Is there a cult of sunglasses on the Gulf Coast, a secret society that always shades its meaning and polarizes its detractors behind pricey Costa Del Mars, Ray-Bans and Maui Jims?
Authorities in Lower Alabama have always been loathe to concede the existence of gang activity, but the high-end sunglasses cabal is said to be identifiable not only by the brands it wears (no one sunglasses maker seems to hold total domination), but also by how the sunglasses are worn when not in use.
Some wearers prefer any number of lanyard systems to keep the shades close at hand, while others prop them on top of ball caps or upside down, back-facing on a fishing hat. Gulf Coast anthropologists may soon be able to distinguish, within a 5-mile cone of integrity, exactly which part of Mobile Bay a young sailor first learned to tack or jib, based solely on how they wear and stow their costly eyewear.
While he stopped short of confirming the existence of a Gulf Coast sunglasses syndicate, McCoy Outdoor Co. buyer Dietrick Trehern did allow that he gets a lot of repeat customers looking for expensive shades.

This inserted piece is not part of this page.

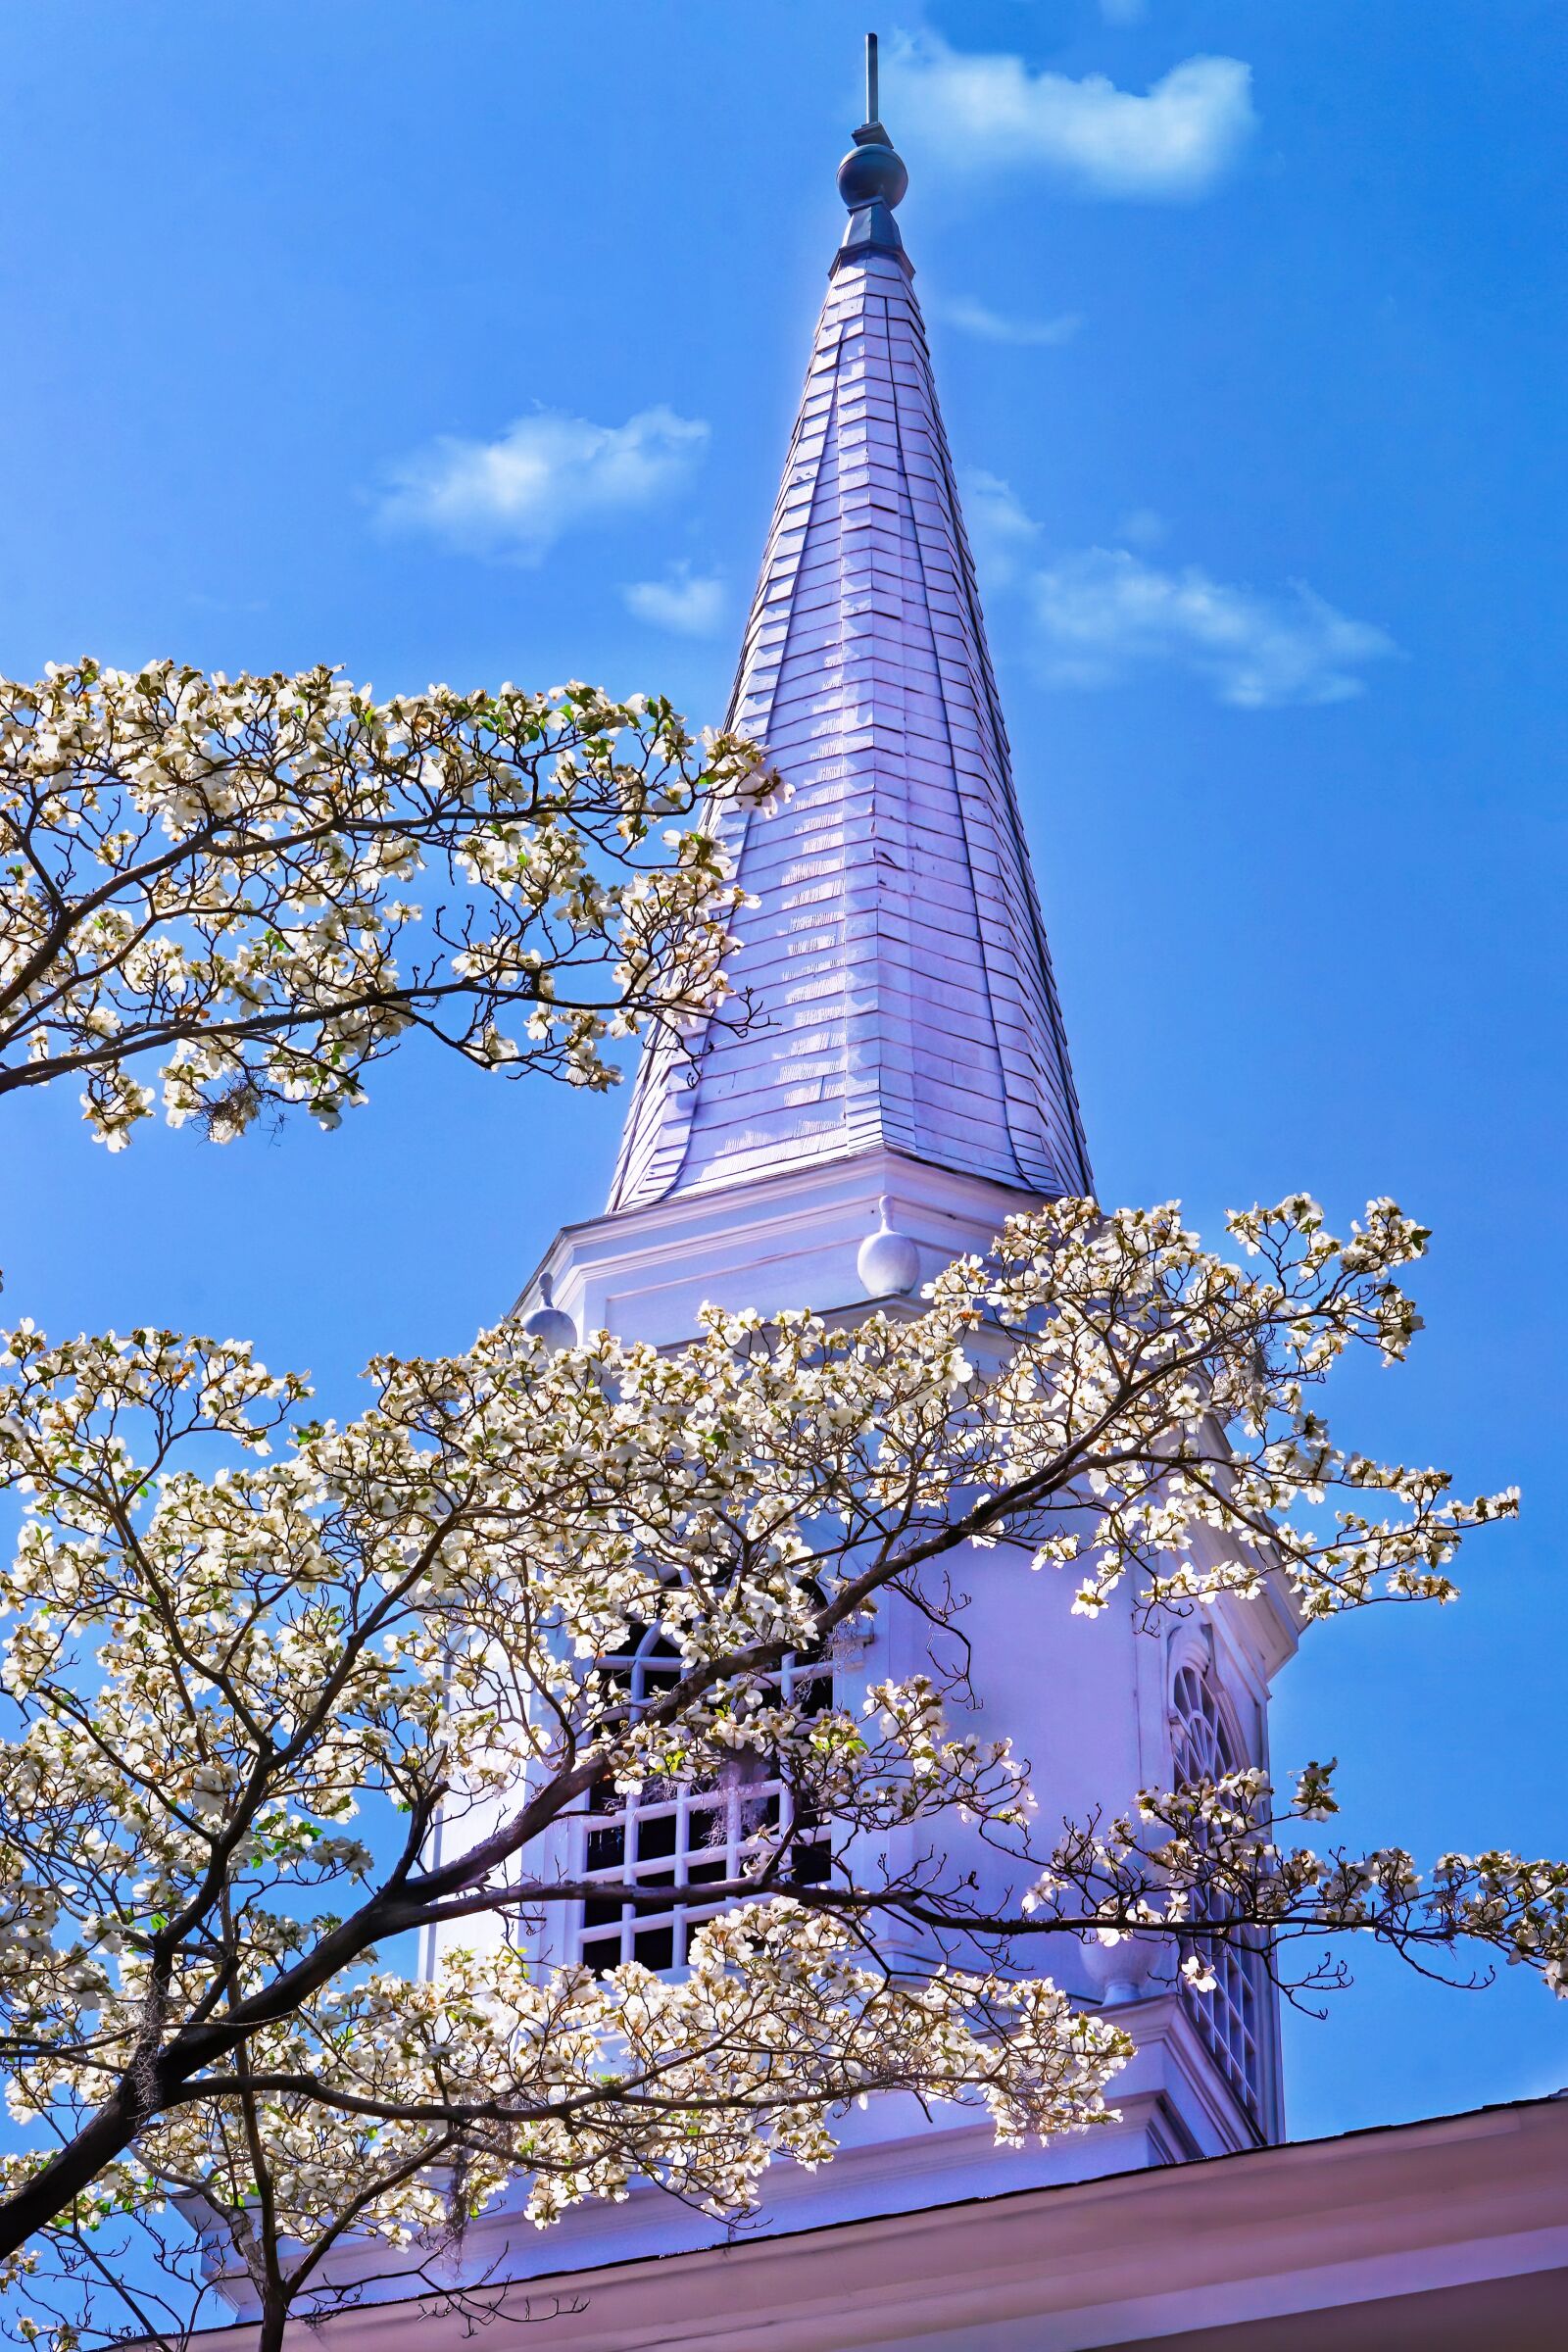 Sony a6300 sample photo. Church, steeple, spire photography

The Spring Hill Avenue outfitter sells all three of the aforementioned brands, with throwback Wayfarers, rimless models and Costa Del Mar 580 lenses being the current hot sellers.
Very few of the shades go out the door without some way to latch them to the user. “Some of these glasses cost $200 and up, so generally they want some kind of retainer or lanyard. New glasses aren’t getting any cheaper, ” Trehern says.
McCoy Outdoor also offers “Cablz, ” billed as the “next generation in eyeglass retention, ” made with surgical grade stainless steel cable with a black or clear coating. The stiffness of the cable keeps them off your neck.
Students at Bayside Academy in Daphne aren’t allowed to sport sunglasses in class due to uniform rules, according to art teacher Vikki Turner Finch, but the school’s pier, used for marine biology education, does offer an outdoor venue in which to gauge sunglass hierarchy.
“I have noticed when the guys at Bayside spend time outdoors, they do tend to have really good sunglasses, ” she says. “We have so many fishermen and outdoorsy people living on the Bay, doing things on the water. We’re lucky to have that lifestyle. And I think they’re sort of trained to protect their eyes and to keep their sunglasses attached to something. You don’t want those nice Oakleys to fly overboard.”